Add Language Server Protocol handler to JupyterLab

trungleduc opened this issue · comments


For now, LSP support for JupyterLab is provided by jupyterlab-lsp extension. While this monorepo offers a complete package with a lot of features, it's not easy for JupyterLab core or external extensions to profit from the LSP features.

Proposed Solution

I'm thinking about adding the handlers which allow JupyterLab frontend to communicate with the language server in the backend. It can be done by upstreaming the jupyter_lsp package of jupyterlab-lsp.

The second step is to create a frontend extension in JupyterLab core that can be served as an entry point for other extensions to request the LSP features.

Thank @bollwyvl for clarifying the situation! I'm quite new to the subject so maybe I missed previous discussions about LSP and JupyterLab, please correct me if I'm wrong.
The LSP kernel ideal looks promising, I agree with most of your points but I still have some questions about abandoning the WebSocket approach.

  • For multiple ws connections, by using another frontend extension as an entry point for LSP service, I think we only need one ws connection for all language servers. So performance-wise, do other potential advantages worth the added overhead of being a kernel?
  • Since it's a kernel, it will live outside the core of JupyterLab? Does it defeat the purpose of having an IDE-like experience out of the box for JupyterLab?

I really see the kernel and LSP protocol as orthogonal:

  • We always strived to make the kernel unaware of the "source" of execution requests. Exposing that it came from a console or a notebook or somewhere else was always considered as an abstraction leak. Kernels are mostly about execution, and not so much about source code.
  • On the other hand, LSP is almost entirely about the source code of your workspace. LSP servers exist completely independently of the ability to execute code (for e.g. compiled languages).

Hence, shoehorning the LSP protocol inside of the kernel protocol seems unintuitive, and it will be hard to reconcile the two, even from a UX perspective:

  • there can be many running Python kernels in one project, but it really makes sense to have a single language server running for Python
  • the special "LSP" kernels would appear in the list of running kernels while they are not really about executing code. I would strongly prefer having another category in the side panel with the currently running language servers:


outside the core of JupyterLab? Does it defeat the purpose

A huge amount of complexity in LSP is also in the language servers, much like the complexity of jupyter kernel messaging is also in... the kernels. At this point, to parallel ipykernel, I can't even confidently name a python language server i'd want everyone to have to use.

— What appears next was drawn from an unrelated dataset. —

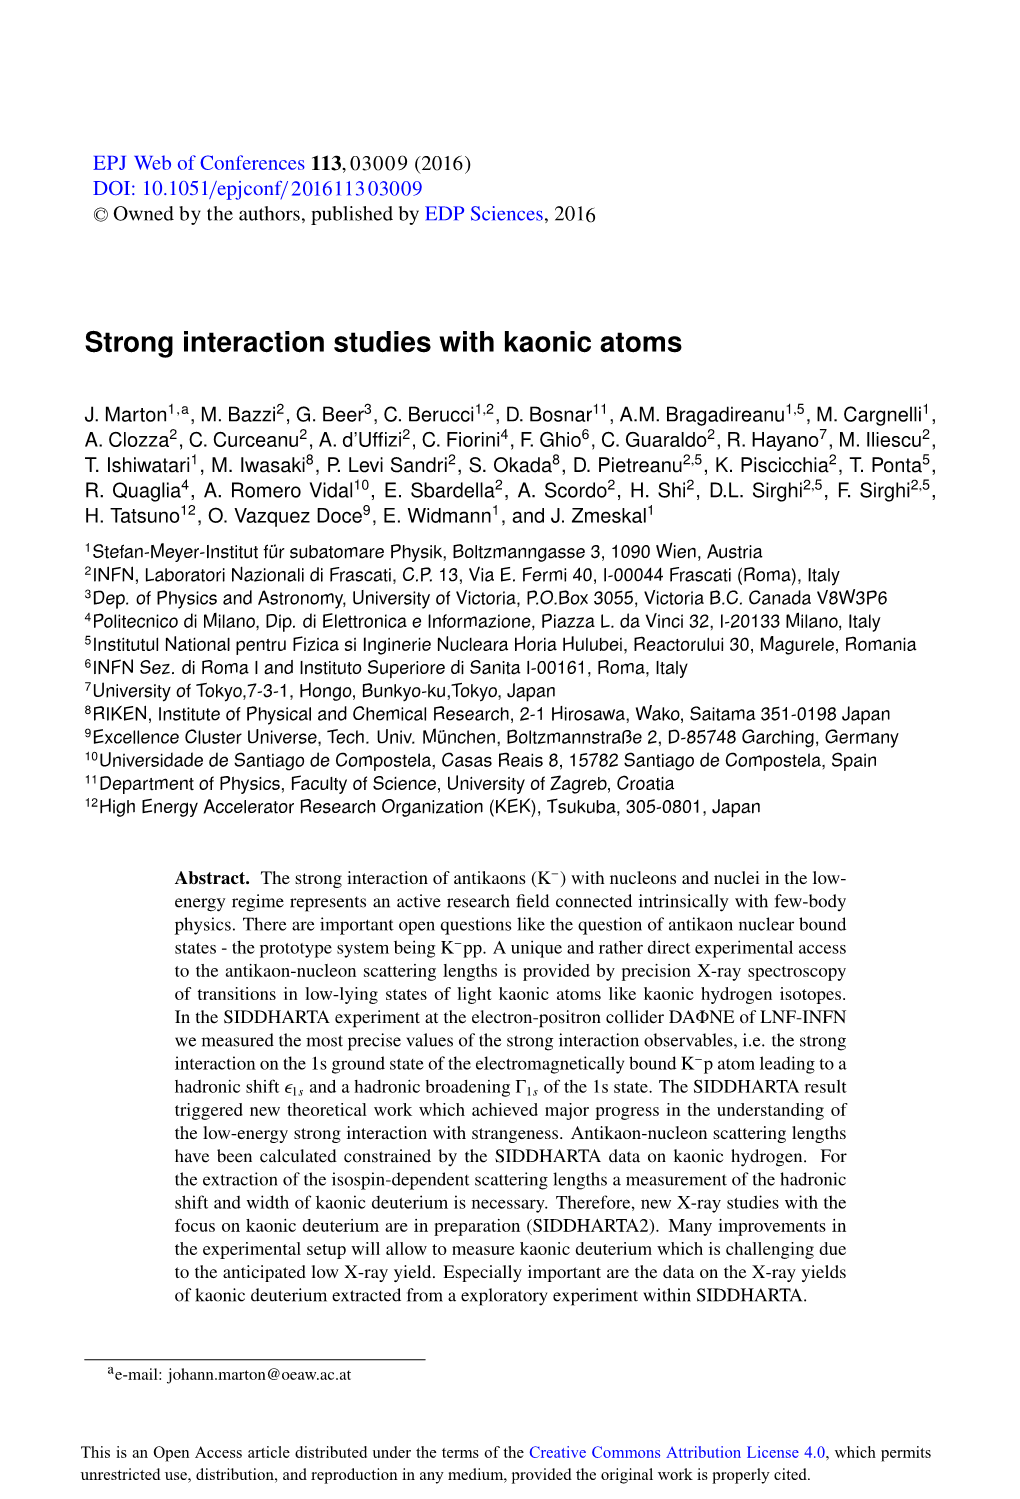 Strong Interaction Studies with Kaonic Atoms

But, as i suggest, having in-browser language servers would allow us to ship no-foolin features, without a new server dependency, for kernel-less things like markdown, CSS, JSON Schema, etc. And if we just happened to get in-browser kernels, i wouldn't be sad either...

unaware of the "source" of execution requests

Be that as it may, the kernel still has knowledge of things very important to the user that might be outside the remit of the source document, e.g. dynamically-defined/side-effect variables, and some of those have useful LSP features associated with them, much as was already demonstrated with DAP (JEP47).

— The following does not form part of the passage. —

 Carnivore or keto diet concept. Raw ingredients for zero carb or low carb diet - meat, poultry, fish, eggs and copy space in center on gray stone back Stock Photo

shoehorning the LSP protocol inside of the kernel protocol

As has been raised in a few places, continuing to evolve the existing jupyter kernel message spec to "catch up" with what is already defined in existing LSP features is a mug's game: if, instead, we embrace and extend LSP, we can get a lot of stuff for "free", but can define more of the integration on our terms.

Being able to plug into existing LSP features in this way would require maybe two JEPs:

  • formalizing a list of well-known comm targets
    • widgets, bokeh, etc. would get grandfathered in
  • reserving a comm target for LSP and defining its schema

This sounds better than nickle-and-diming JEPs for each new field/message, which no doubt is what it would take. And encouraging comm implementation would open up more kernels to other schema-constrained, language-agnostic components... like Jupyter Widgets, bokeh documents, etc.

not really about executing code

I see interactive control of a language server as an extension of get_ipython().set_hook, etc. We don't even know what people could build on top of this. Over on juyterlab-lsp, as soon as we support TCP servers, i'm for sure excited to try live-coding a language server with e.g. pygls. But I am already steeped in all this stuff. What would an even more interactive flavor of this be like?

Not having to implement a JSON-RPC wire-protocol from first principals is a big win, as we already have a life-cycled data object we can own. Indeed, this was what lintotype did: don't like your black line length? Move it with a slider.

And if we did do that once we could imagine going the other way, and offering LSP+Jupyter with a single bridge in the opposite direction.

reconcile the two, even from a UX perspective:

yep, there is certainly work to be done. We're already having to reconcile data from multiple sources on e.g. completion, and it's harsh. Basically every jupyter document is polyglot on multiple axes (code/narrative, input/output, natural languages, semantic types) something that a traditional source code document doesn't have to deal with.

But the high road is being able to bring as many as sources as a user wants, such that annotations of code, and eventually outputs, could come from:

  • the kernel
    • a vestigal language server inside the host kernel
  • a dedicated language server (whether inside a proxy kernel or not)
  • static LSIF data
  • software forge (gitlab/github) annotations (e.g. jupyterlab/pull-requests)